The People Have Spoken

The tally is nearly completely in for Hong Kong’s Sunday vote for local offices.

Local broadcaster RTHK reported that pro-democracy parties took 390 out of 452 seats in the district council, or nearly 90%.
The polls closed with 71.2% of eligible voters casting a ballot, the election commission said, easily surpassing the figure of 47% in the last such vote in 2015.

Hong Kong’s Chief Executive Carrie Lam suggests

The government will certainly listen humbly to citizens’ opinions and reflect on them seriously[.]

Yeah. She’ll think about it.  But will it act accordingly? Keep in mind, as you cogitate on that question, that the Lam government is nothing but a Beijing satrap.

Gordon Chang, who often writes for The Wall Street Journal and contributes to Fox News, is optimistic:

This is political annihilation for Beijing and it’s going to have consequences that are going to reverberate not just in Hong Kong itself, but perhaps in China as well….

He has a warning, though:

Carrie Lam, the Hong Kong chief executive, she reports directly to Xi Jinping. She no longer has any freedom of action. If he tells her not to give ground, which is what he’s been doing for the last several months, then you’re going to see Hong Kong erupt because, you know, people have expressed their will.
If the political establishment doesn’t make concessions, then we don’t know where this will go, but we know that will become probably much more violent and the protests will become even larger[.]

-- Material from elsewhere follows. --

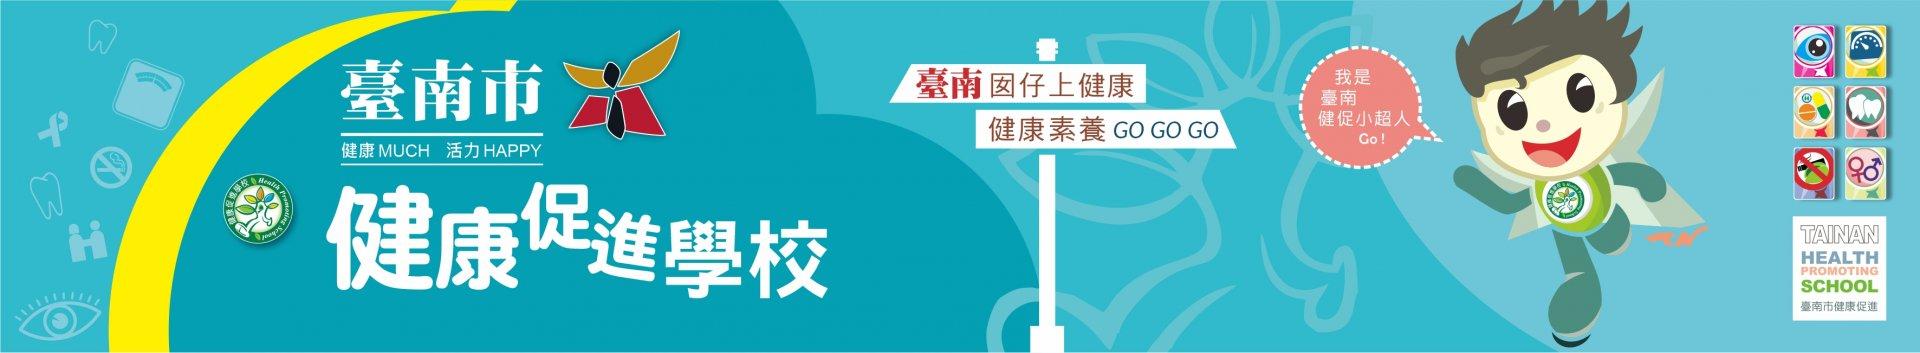 臺南市健康促進學校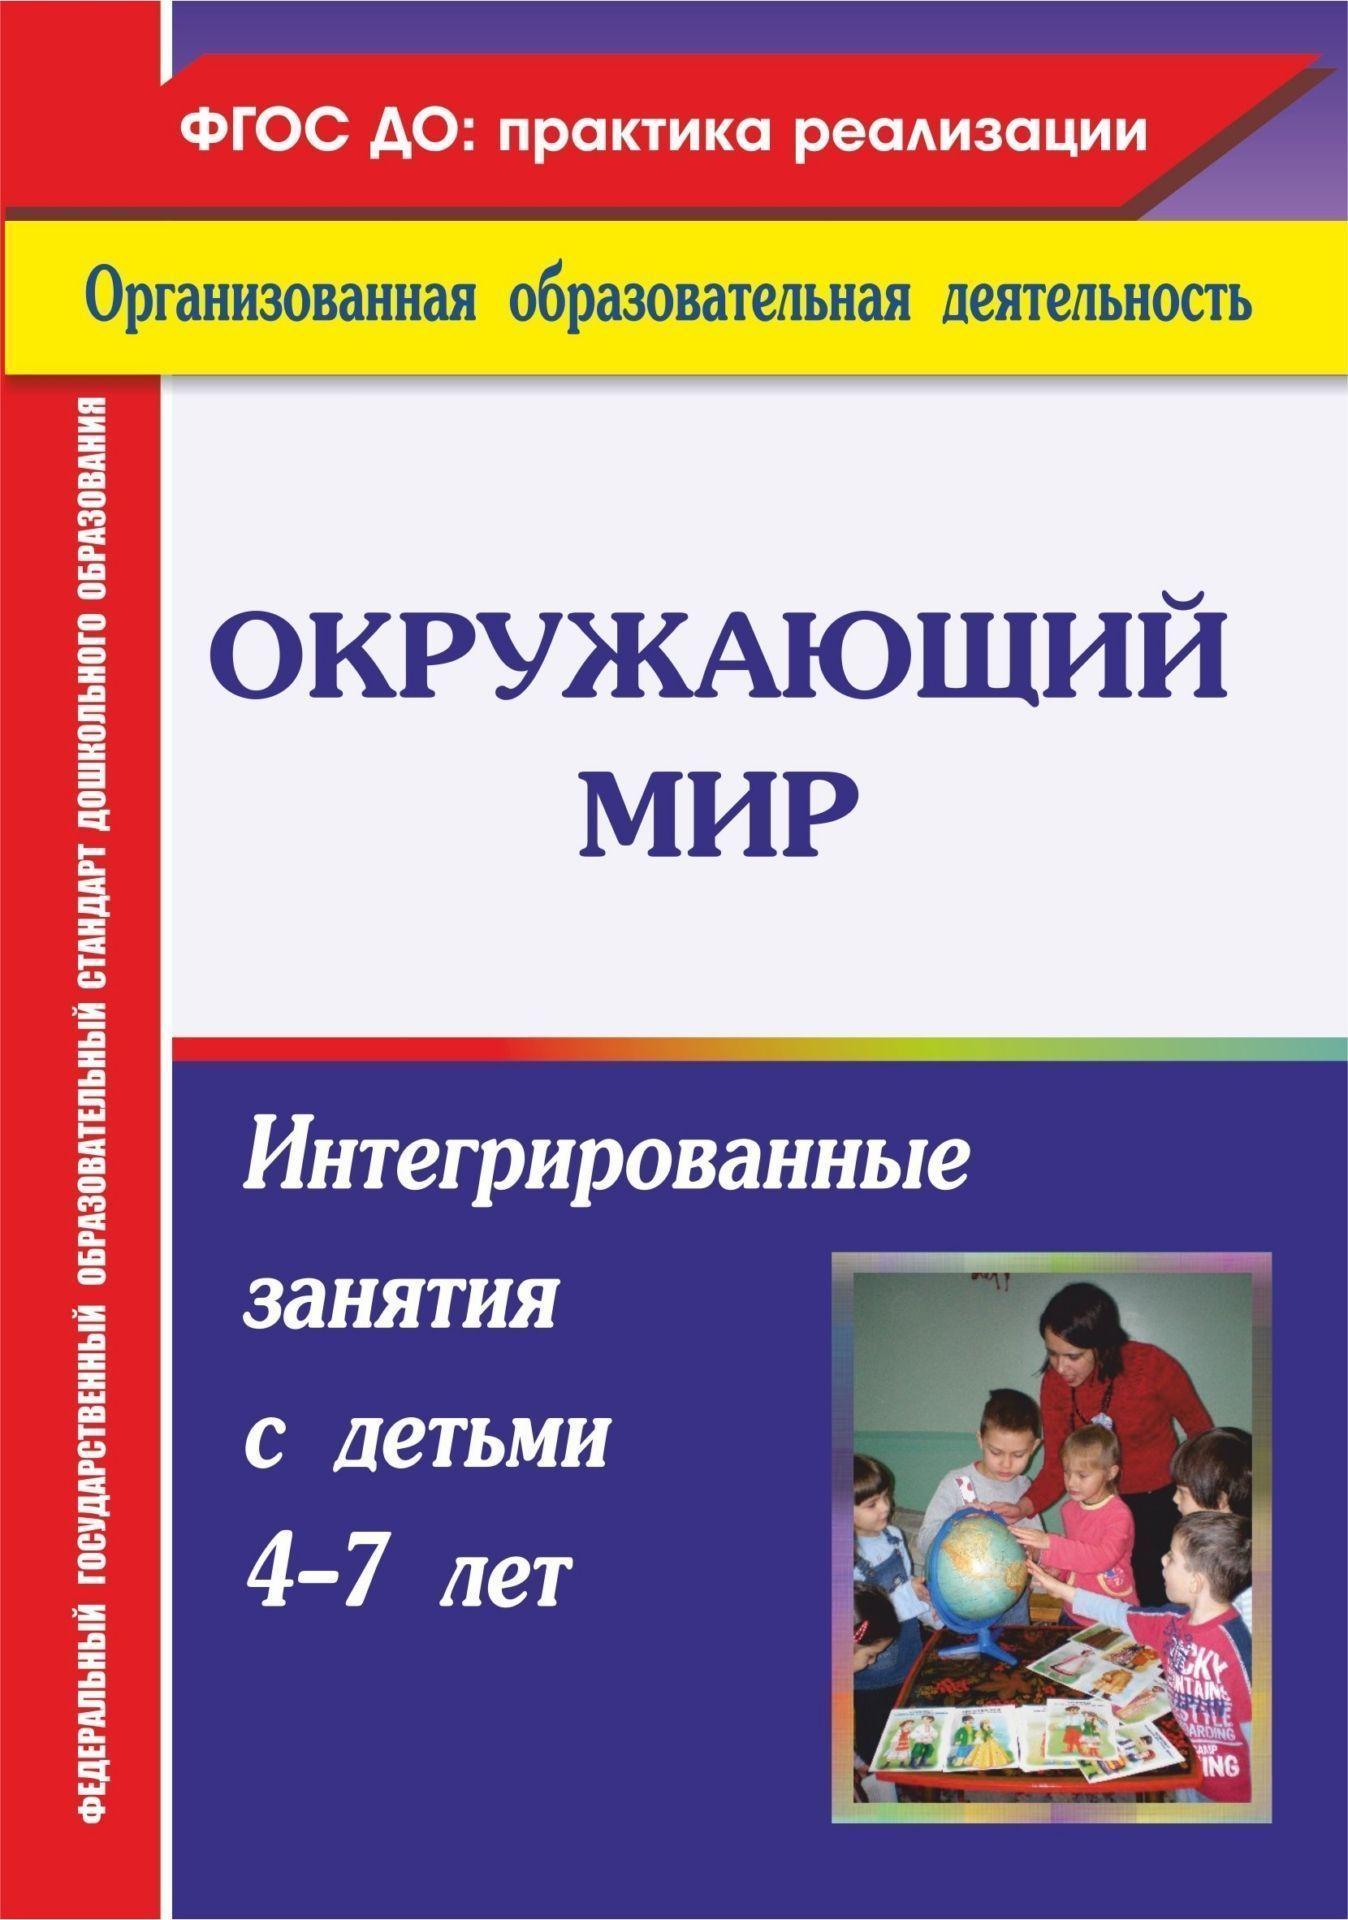 Окружающий мир: интегрированные занятия с детьми 4-7 лет

Are Xi and his Communist Party of China government listening?  Yes, most carefully.  But they’ll likely draw the wrong lessons.  I think we do know where this will go, and it won’t be pleasant, although it will be brief. Tanks rolling against a fundamentally unarmed civilian population will see to that, as was demonstrated in Tiananmen Square a little bit ago.

The US and our putative allies need to become more overt in supporting the good people of Hong Kong.  The PRC has already welched on its handover commitment and its pretense of a one country, two systems policy.

The Republic of China is watching the degree of our resolve, too.